When I'd finished, he sat there for a while with his hands clasped, and considered. Then he said: "From what you've told me, Mr. Erskine, the case of this unfortunate girl sounds genuine. I think you're right. There is only one other recorded case of a person being chosen as the host for a medicine man's rebirth, and that was in 1851, at Fort Berthold, on the Upper Missouri, among the Hidatsa Indians. A young Indian girl had a swelling on her arm, which eventually grew so large that it overwhelmed her, and she died. Out of the swelling emerged a complete and fully-grown man, who was said to be a magician of the tribe from fifty years previous.

"There was very little documentary evidence to support the truth of this story, and up until now it has been regarded as myth or legend. I have even called it that myself in my book on the Hidatsas. But the parallels with your Miss Tandy seem so close that I can't see what else it could be. There are also stories among the Kiowas that medicine men could appear as trees, and talk to people of the tribe.
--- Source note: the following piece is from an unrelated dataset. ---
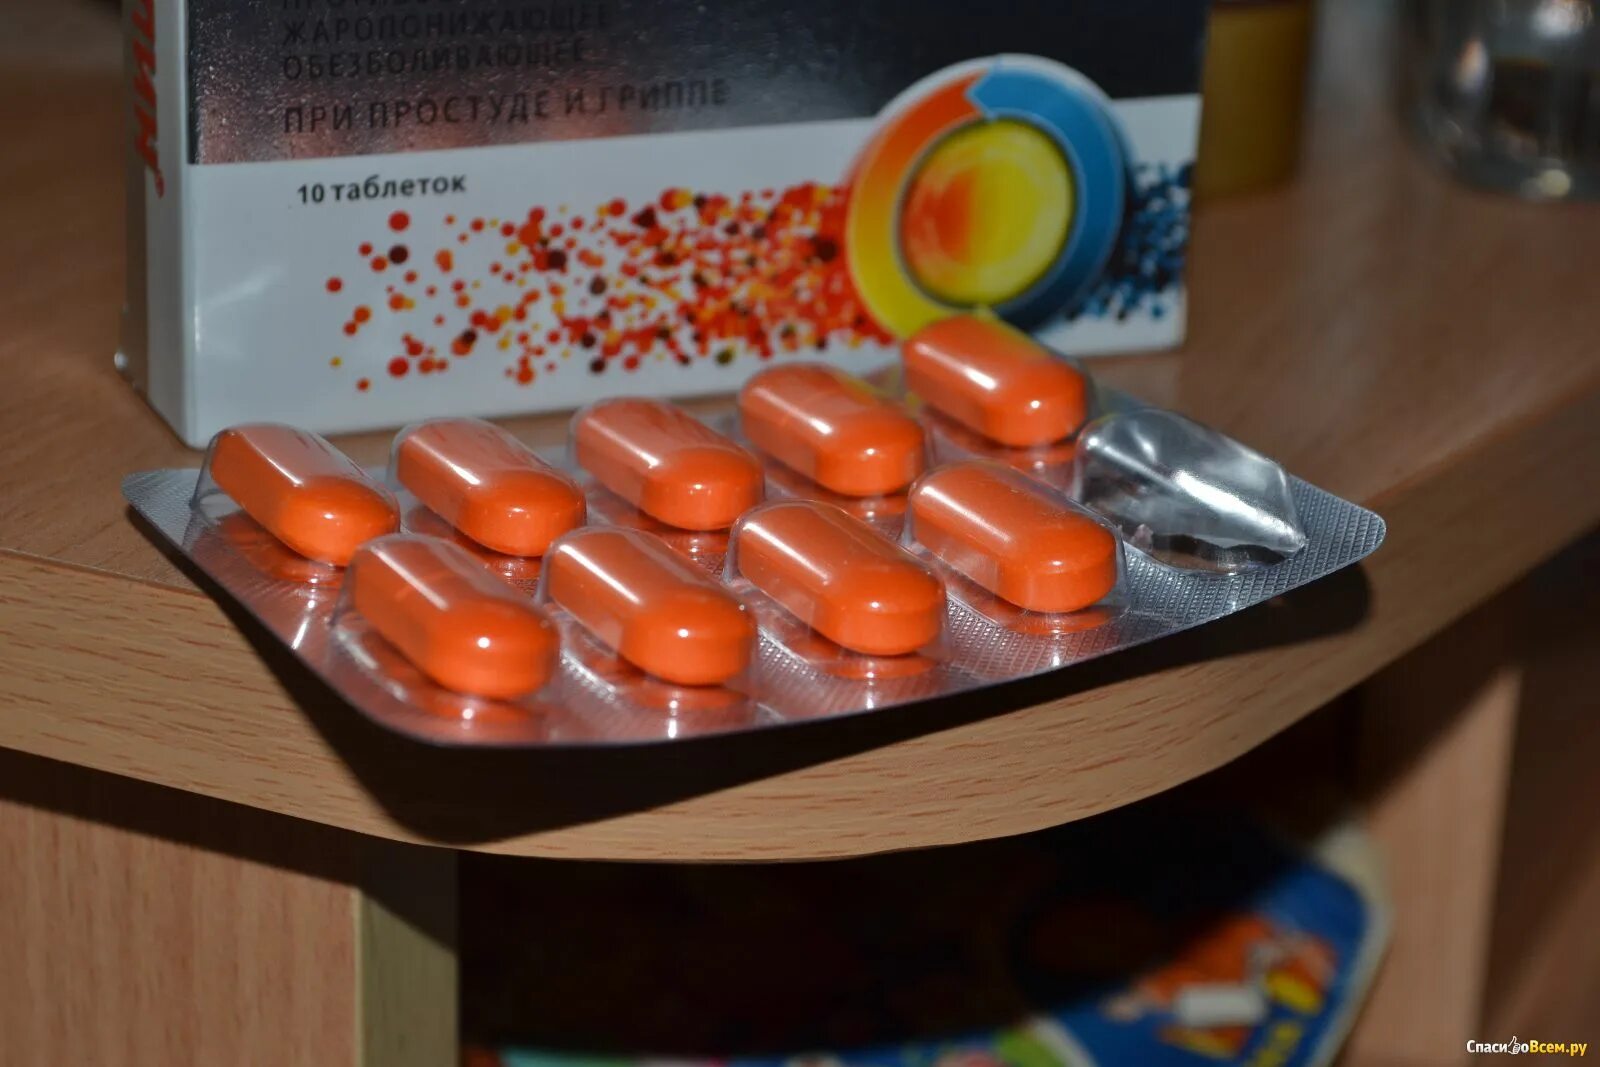 Таблетки от головы недорогие но эффективные. Ибуклин оранжевые капсулы. Ибупрофен оранжевые таблетки. Таблетки от головной боли. Оранжевая таблетка обезболивающее.

Apparently trees and wood have a mystic life-force of their own which medicine men were able to exploit for their own purpose. And that is why I believe your story of the cherrywood table. I thought at first you were trying to hoax me, but your evidence is overwhelmingly convincing."

"So you believe it?" asked Amelia, brushing her hair away from her eyes.

"Yes," said Dr. Snow, peering back at her through his spectacles. "I do believe it. I also took the trouble to do what you suggested, and I called Dr. Hughes at the Sisters of Jerusalem. He confirmed what you told me. He also told me that Miss Tandy was in a critical condition, and that anything that anyone could do to save her would be very important."

"Dr. Snow," I said, "is there any way to fight this medicine man? Is there anything we can do to destroy him, before he kills Karen Tandy?"

Dr. Snow frowned. "What you have to understand, Mr. Erskine, is that the magic of the Indians was very powerful and far-ranging. They drew no clear distinction between the natural and the supernatural, and every Indian saw himself as being in close touch with the spirits that ruled his existence. The plains Indians, for instance, spent as much time on their religious ceremonies and medicine signs as they did on perfecting their hunting skills. They considered it important to be able to hunt their buffalo with craftsmanship and cunning, but at the same time they thought that only the spirits would give them the strength and the bravery to be able to carry out the hunt successfully.